Bottoms up secret of Antarctic Ice Sheets revealed
In a study that turns many age-old notions about the formation of polar ice sheets upside down, it has been found that the vast Antarctic ice sheets covering 98 per cent of the continent are not always formed by falling snow, but could have, in places, been the result of refreezing water from below.
The refrozen bottoms up component could in fact account for as much as half of the thickness of the sheet in many places.
Earlier studies had indicated that the overlying layers of ice insulate the base, hemming in heat created there by friction or radiating naturally from the warm planet, causing deeply buried ice to melt. Even if temperatures are below normal freezing point, at great depths the water remains liquid due to the pressure exerted on it.

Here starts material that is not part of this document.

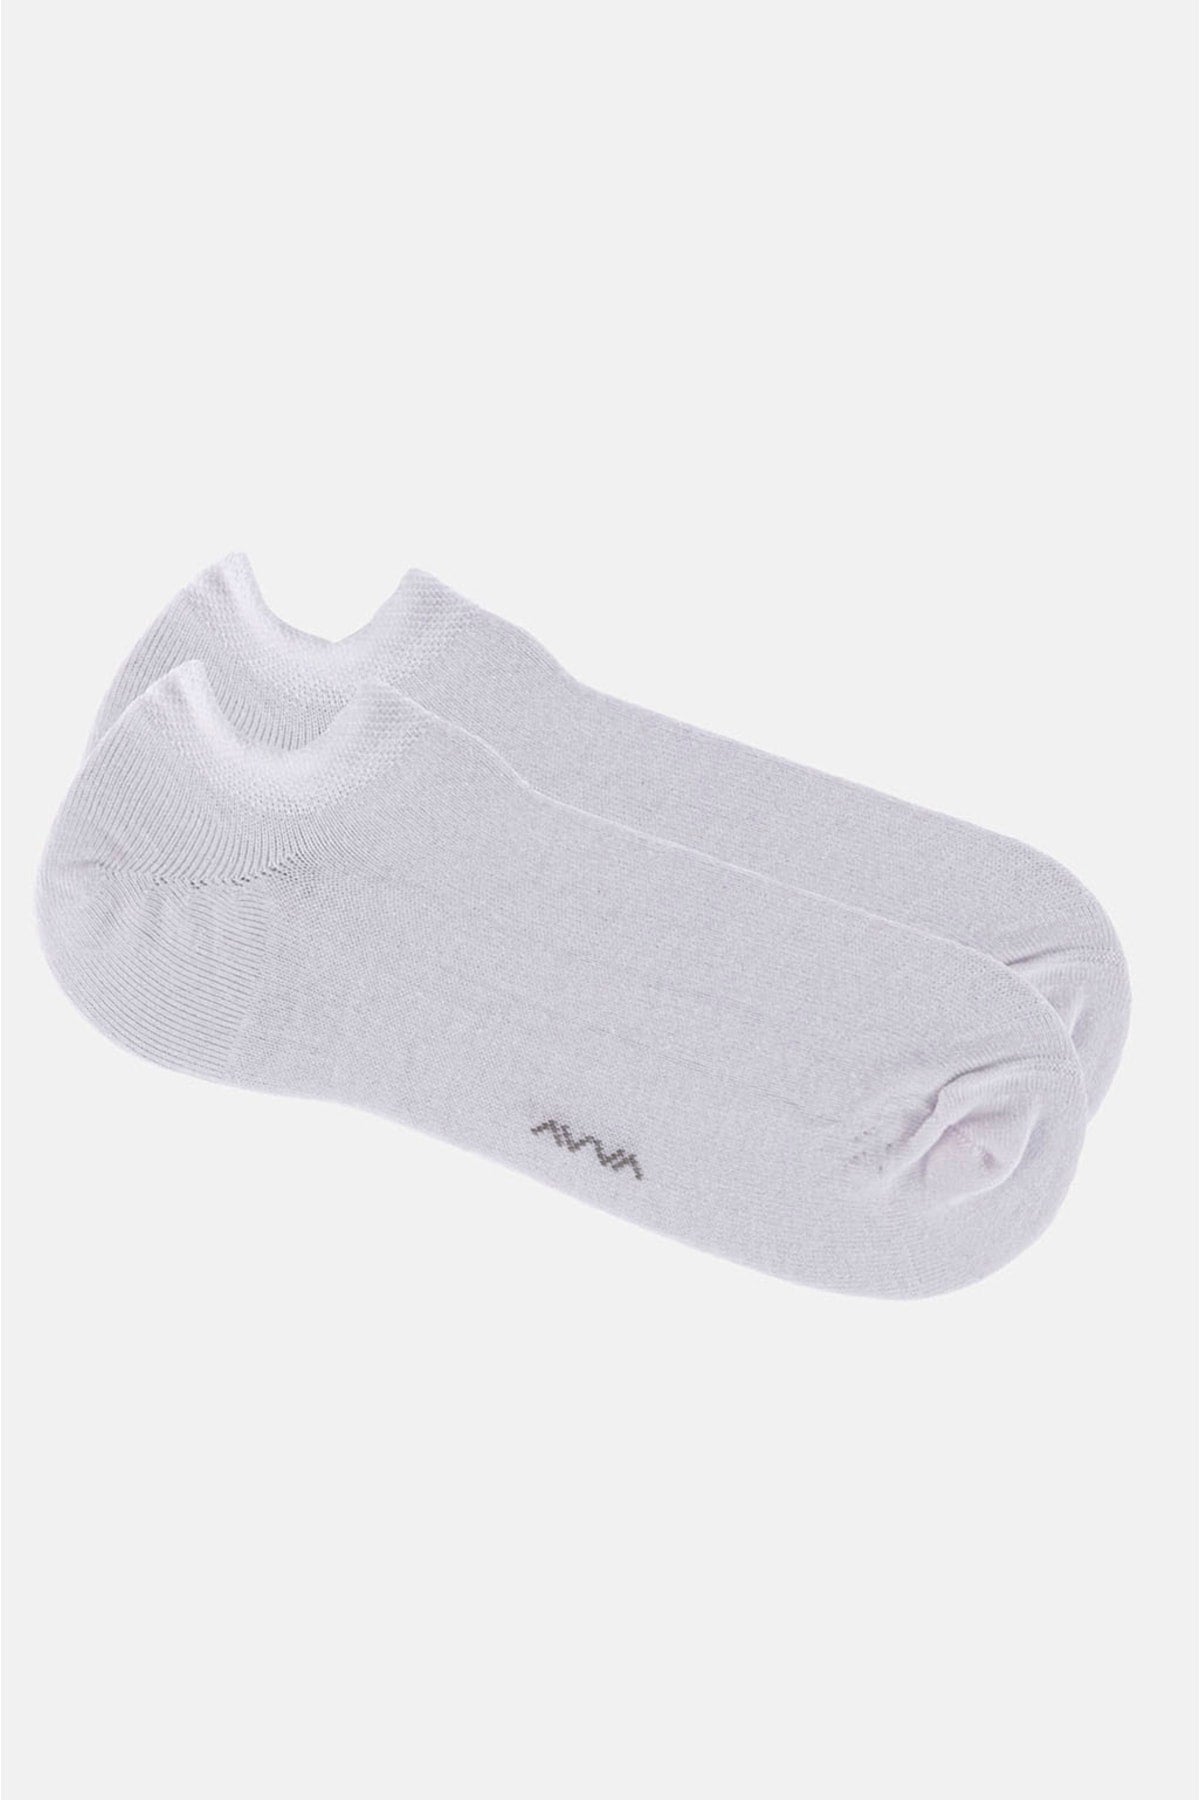 Men's white sneaker socks E008553

It has now been established by the study that as this liquid melt-water gets squeezed up the valley walls of the sub-glacial Gamburtsev Mountains or collects in mountain ridges, lower temperatures coupled with decreasing pressure causes it to refreeze and attach itself to the sheet above, adding to the thickness of the overlying sheaf. Almost 24 percent of the ice in an area around Dome A, a 13,800 feet high plateau that forms the top of East Antarctica, is said to have been formed thus.
This is like someone injected a layer of frosting at the bottom--a really thick layer, said Robin Bell, a geophysicist at Columbia University's Lamont-Doherty Earth Observatory and a co-author of the paper.
The research was conducted as part of a six-nation project studying the invisible Gamburtsev Mountains and the findings have been published in this week's early online edition of the leading journal Science. They are expected to help scientists unravel further facts about the flows of Antarctic and Greenland ice sheets, and aid them in evolving responses to global warming.
Dr. Alexandra Isern, program director for Antarctic earth sciences in the National Science Foundation's Office of Polar Programs confirms this saying, This understanding is critical for the development of climate models that can accurately describe how our planet will react to increased global temperatures.